Materials required are:
Dna target sequence, dna primers, dna nucleotides and taq polymerase. (dna polymerase taken from the heat loving bacterial thermos aquaticus) (this synthesizes strands by adding nucletodies via complementary base paring and can withstand high temperatures without denaturing.
The steps are:
Place material in thermocycler
The dna sample is heated to 95 celsius to separate the dna strands
The dna s cooled to 55 celsius to allow primers to anneal
Dna is heated to 72 celsius which is optimal temp for taq polymerase to extend primers
The dna is taken thru several cycles to produce multiple copies
The purpose can be used for
medical applciations, dna from one cell of a young embryo can be amplified to screen for genetic defects
Criminal investigations where small quantities of dna found at crime scenes are amplified so that further analysis can be done to identify both victim and criminal
Evolutionary applications which are able to compare dna extracted from mummies and from animal fossils millions of years old
→ concepts of gel electrophoresis
For gel electrophoresis, we need to know that it separates DNA according to size/fragments(its purpose). DNA is negative and moves towards the positive terminal. Smaller fragments travel faster and longer fragments are closer to top. Put chemicals in it to make it visible.
→dna sequencing manuel method
Dna sequencing refers to detemring, base by base, the nucleotide sequence of a dna fragment.

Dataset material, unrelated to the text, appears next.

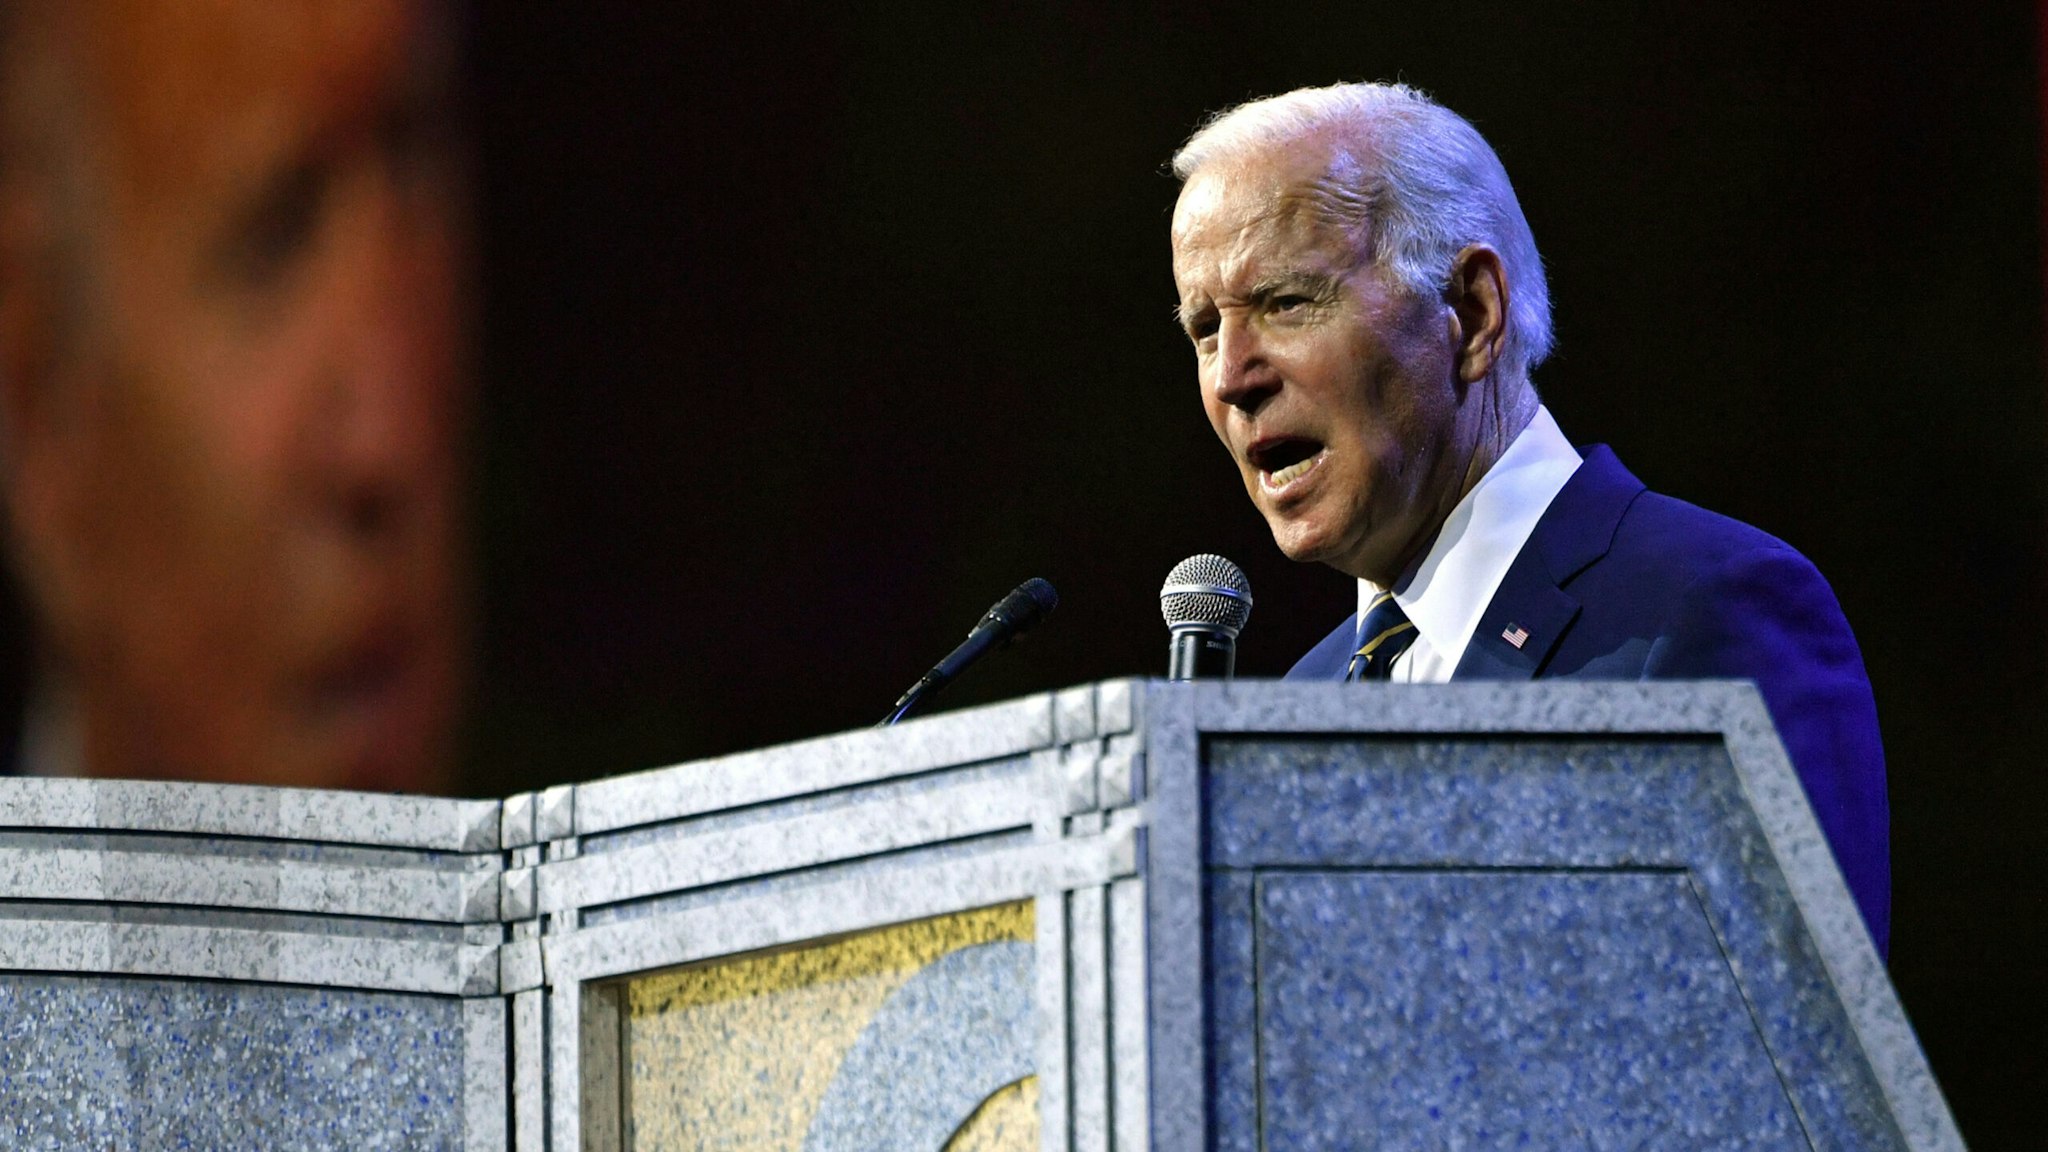 US President Joe Biden addresses the 40th International Brotherhood of Electrical Workers (IBEW) International Convention at McCormick Place convention center in Chicago, Illinois on May 11, 2022.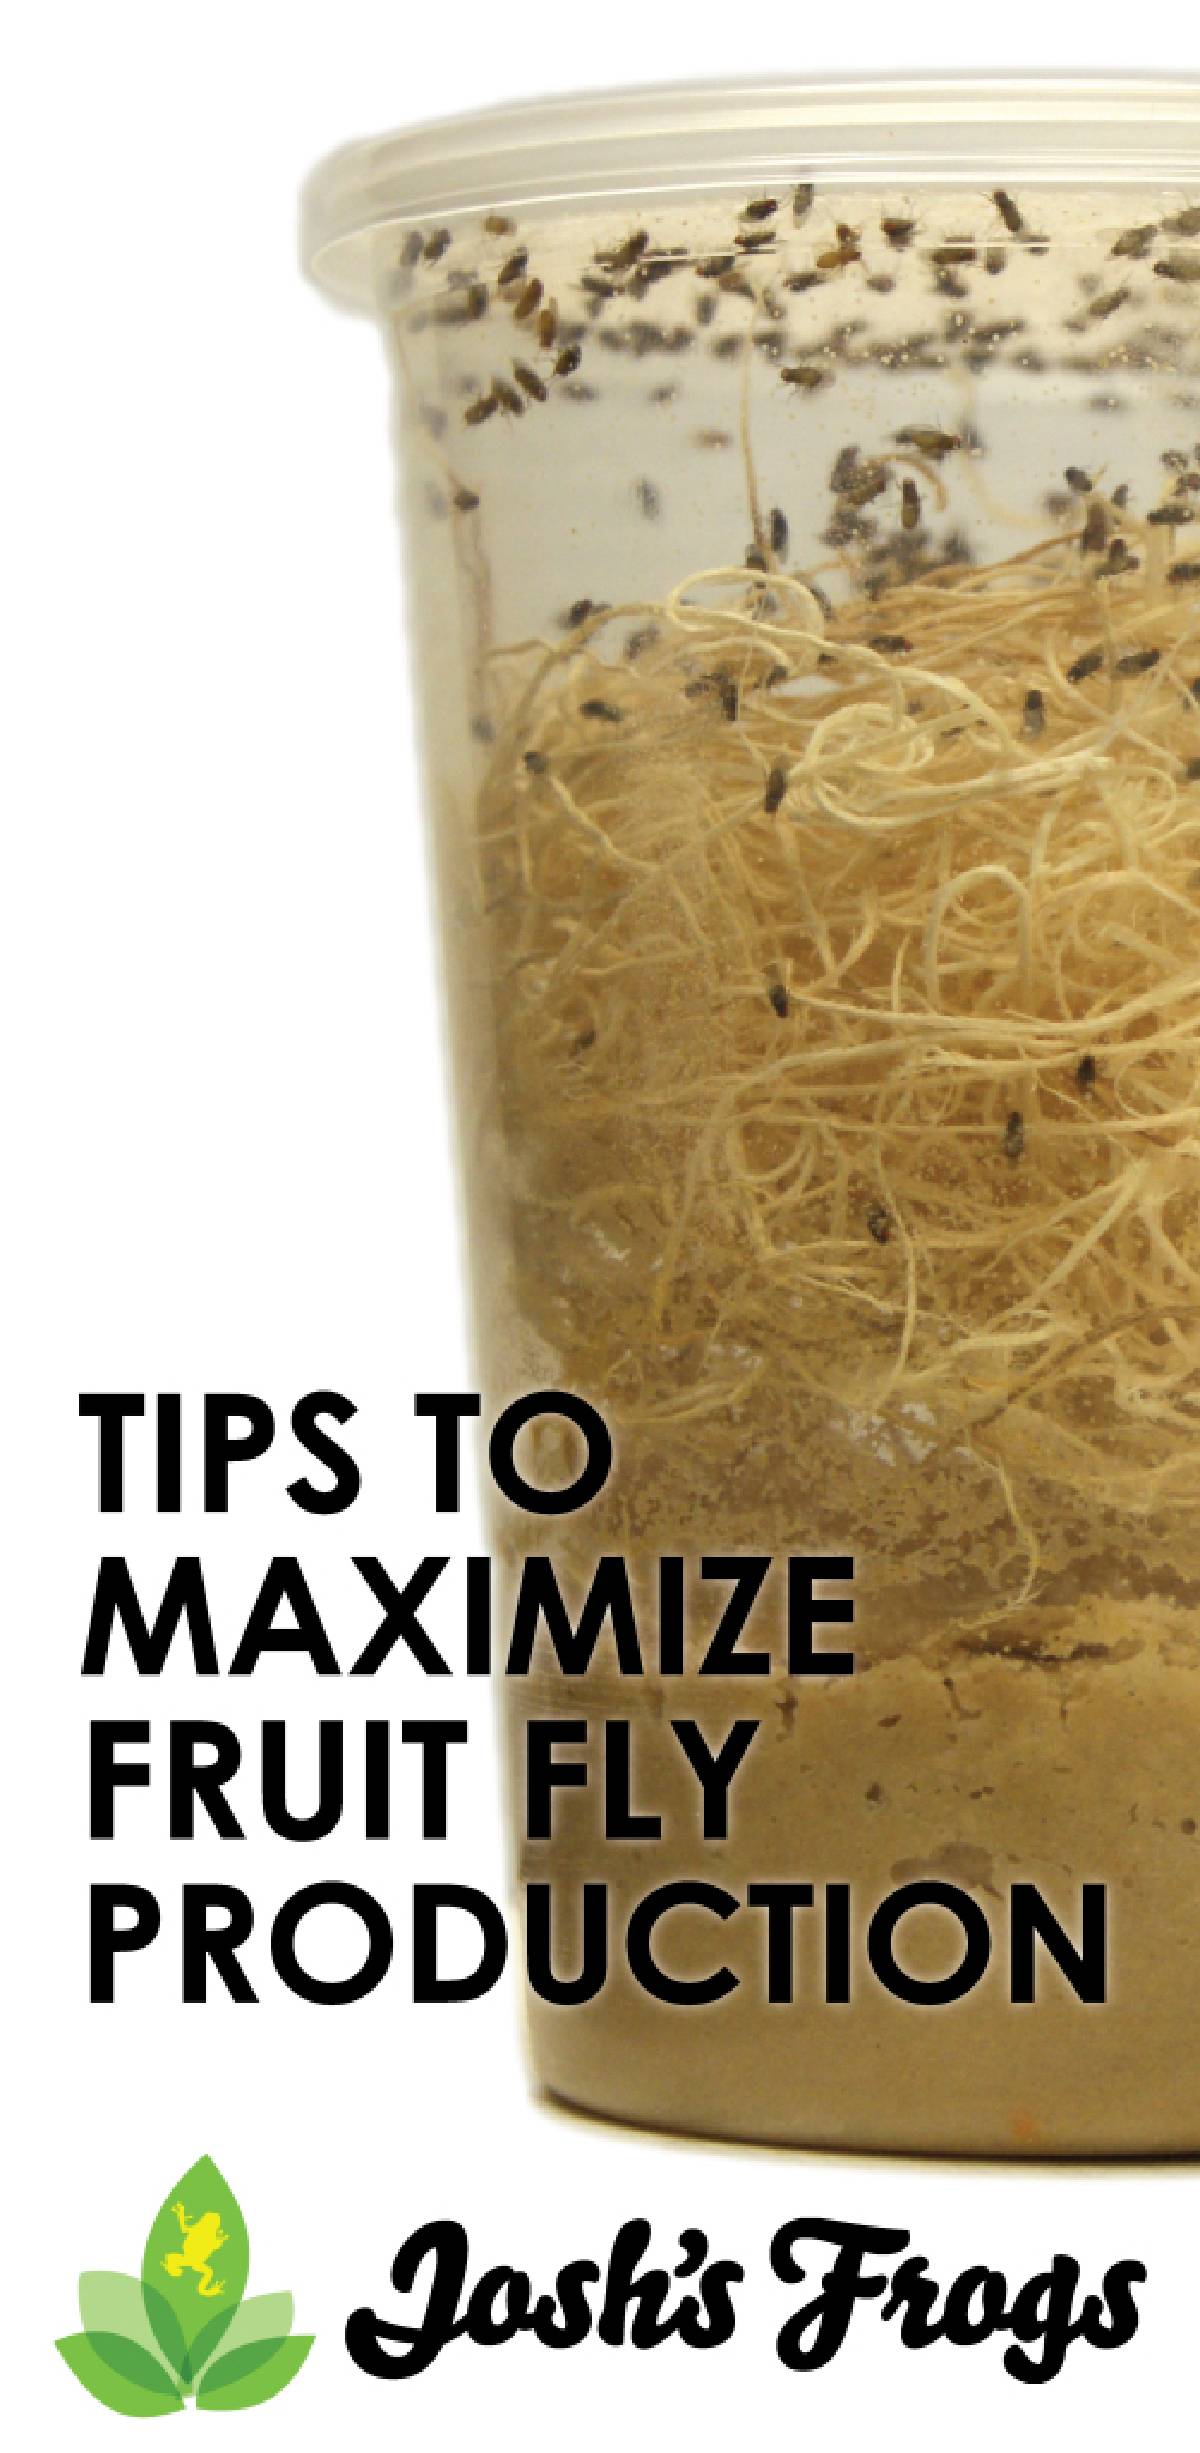 tips to maximize fruit flie production Josh's frogs feeder insects-01

The two main methods include:
Manual method & automated method
During the manuel method, its referred to as the dideoxy chain terminating method or dideoxy sequencing and was developed by frederick sanger in 1977
It relies on the principles of dna replication
It requires: a primer, dna polymerase, regular nucletodies & dideoxynucleotides.
Dideoxynucleotides are similar to regular nucleotides but sugar lacks an OH group at carbon 3. This difference prevents the addition of another nucleotide and the reaction stops.
The steps are four separate reactions are prepared that each include
Multiple copies of single stranded DNA that needs sequencing. This is called the template strand.
Multiple copies of a 5’ primer that will bond with the 3’ end of the template strand
Dna polymerase and all four regular nucleotides
One of the dideoxynucleotides in each reaction
2. All 4 dna synthesis reactions are allowed to proceed
3. Fragments of diff lengths will be produced for each reaction because of the ddnucleotides.
4. The dna in each of the four reactions is separated using gel electrophoresis
5. A radioactive tag attached to the dideoxynucleotides is used to see the dna.
The gel is read and the short fragments is the 5’ end of the new dna strand and is complementary to the 3’ end of the template strand
7. The dna strnad that requires the sequencing (template strand) is the complement to the sequence on the gel.